Inamura N, Nakahara K, Kuroda Y, Yamaguchi I, Aoki H, Kohsaka M
Exploratory Research Laboratories, Fujisawa Pharmaceutical Co. Ltd., Ibaraki, Japan.
Int J Immunopharmacol. 1988;10(5):547-54. doi: 10.1016/0192-0561(88)90072-0.
Nocardia rubra cell wall skeleton (N-CWS) was shown to augment interleukin 1 (IL-1) production from peritoneal resident and exudate macrophages in C3H/HeN mice. The mol. wt of the N-CWS-induced IL-1 product was about 17,000 daltons, which is a similar weight to that obtained by lipopolysaccharide stimulation. The stimulation of IL-1 production by N-CWS was seen as early as 8 h after the start of incubation and peak production was observed at 48 h. Profound effects were seen with 10 micrograms/ml or more of N-CWS. Experiments on the regulation of the N-CWS-augmented IL-1 production showed that prostaglandin E2 inhibited the augmentation, and indomethacin (cyclo-oxygenase inhibitor) further augmented it. Leukotriene B4 and AA861 (lipoxygenase inhibitor) had no effect. Our findings suggest that the previously reported adjuvant effect of N-CWS may, in part, be mediated via its ability to stimulate IL-1 production; and that such a stimulation may be blocked by prostaglandins.

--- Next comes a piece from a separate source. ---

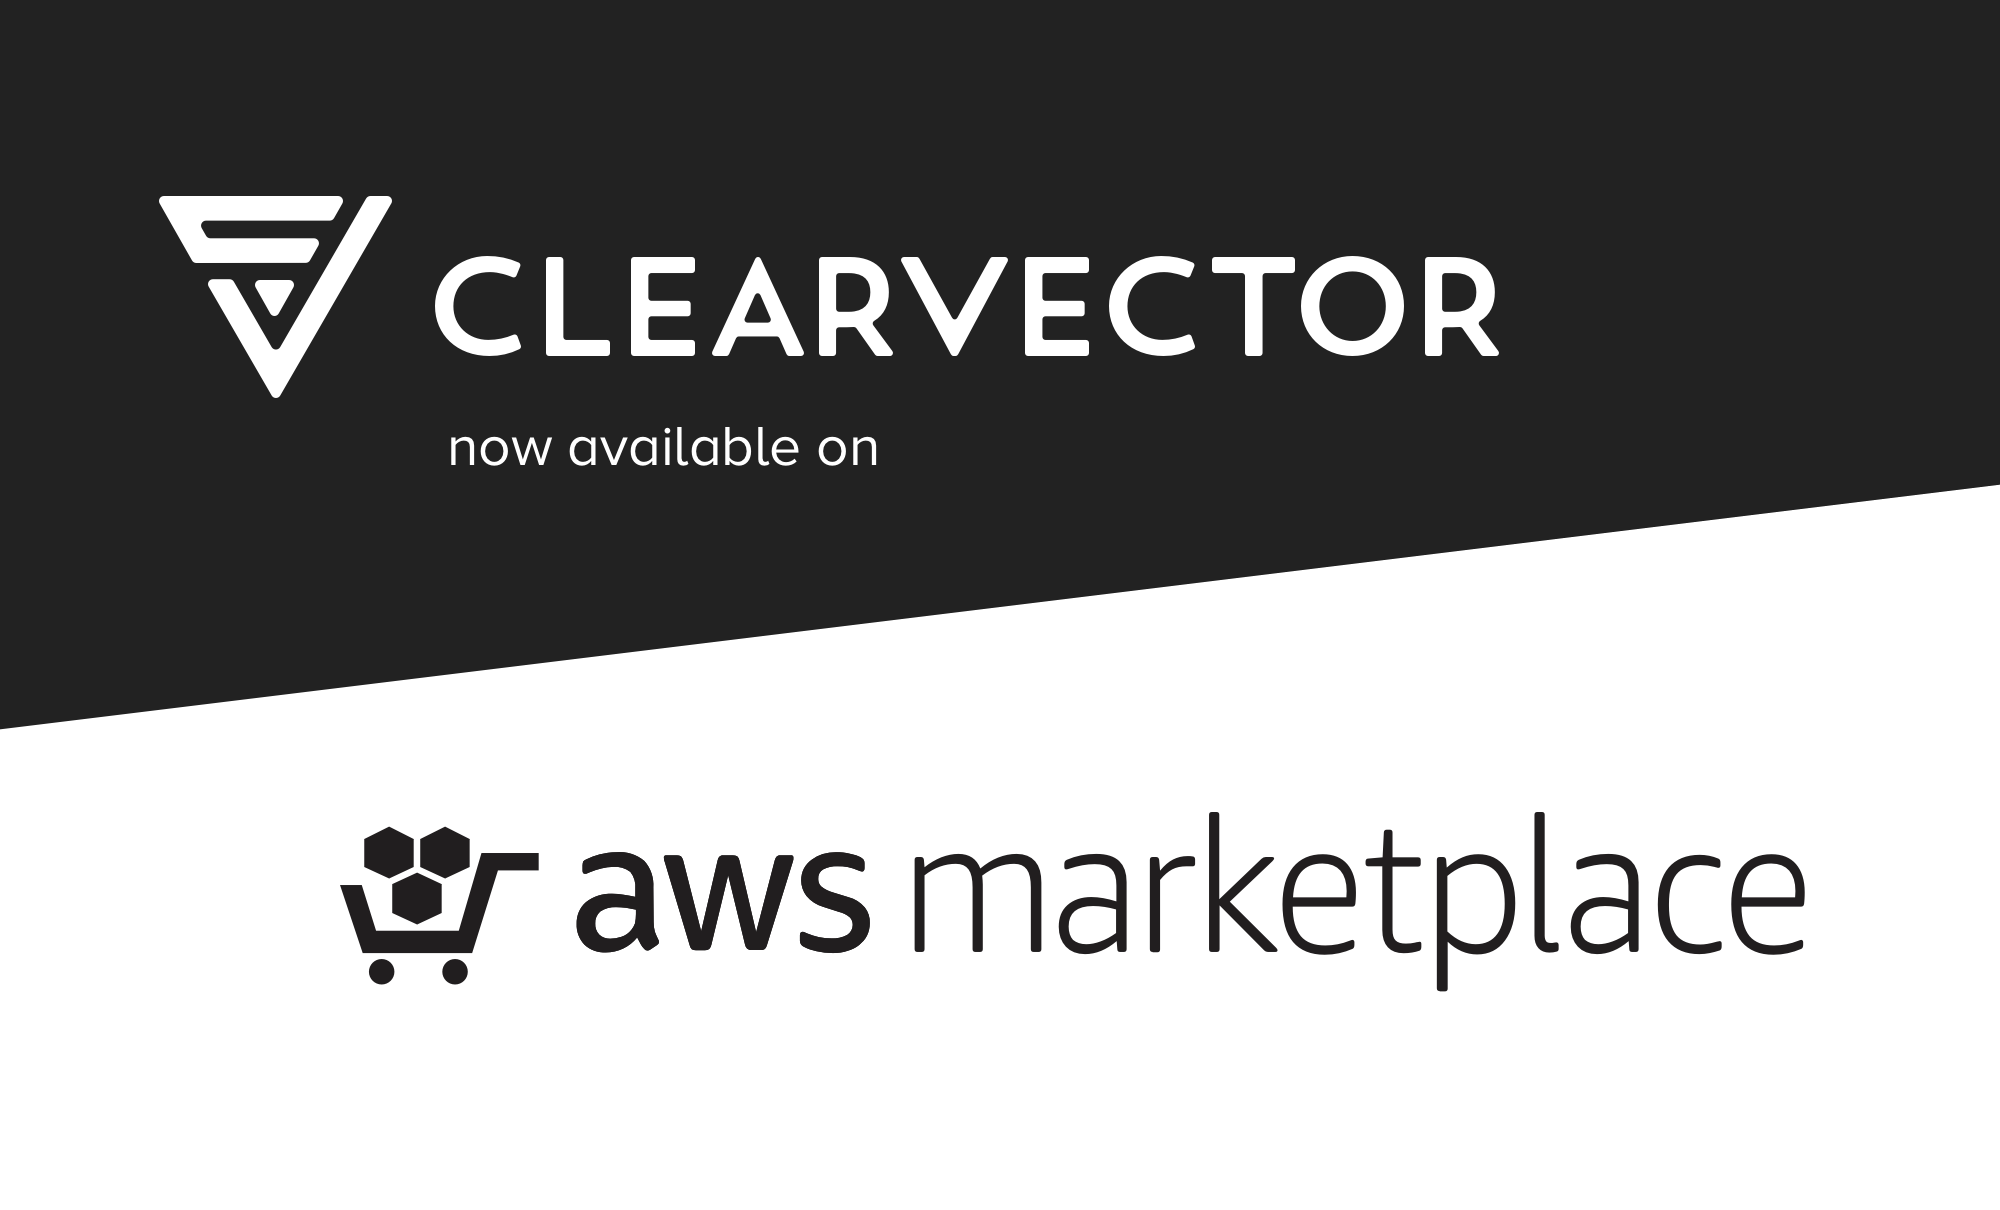 ClearVector is now available on AWS Marketplace

已证明红色诺卡氏菌细胞壁骨架(N-CWS)可增强C3H/HeN小鼠腹腔常驻巨噬细胞和渗出巨噬细胞产生白细胞介素1(IL-1)的能力。N-CWS诱导产生的IL-1产物的分子量约为17,000道尔顿,这与脂多糖刺激所获得的分子量相似。N-CWS对IL-1产生的刺激最早在孵育开始后8小时出现,48小时时观察到产量峰值。10微克/毫升或更高浓度的N-CWS可产生显著效果。关于N-CWS增强IL-1产生的调节实验表明,前列腺素E2可抑制这种增强作用,而吲哚美辛(环氧化酶抑制剂)则可进一步增强其作用。白三烯B4和AA861(脂氧合酶抑制剂)没有作用。我们的研究结果表明,先前报道的N-CWS的佐剂作用可能部分是通过其刺激IL-1产生的能力介导的;并且这种刺激可能被前列腺素阻断。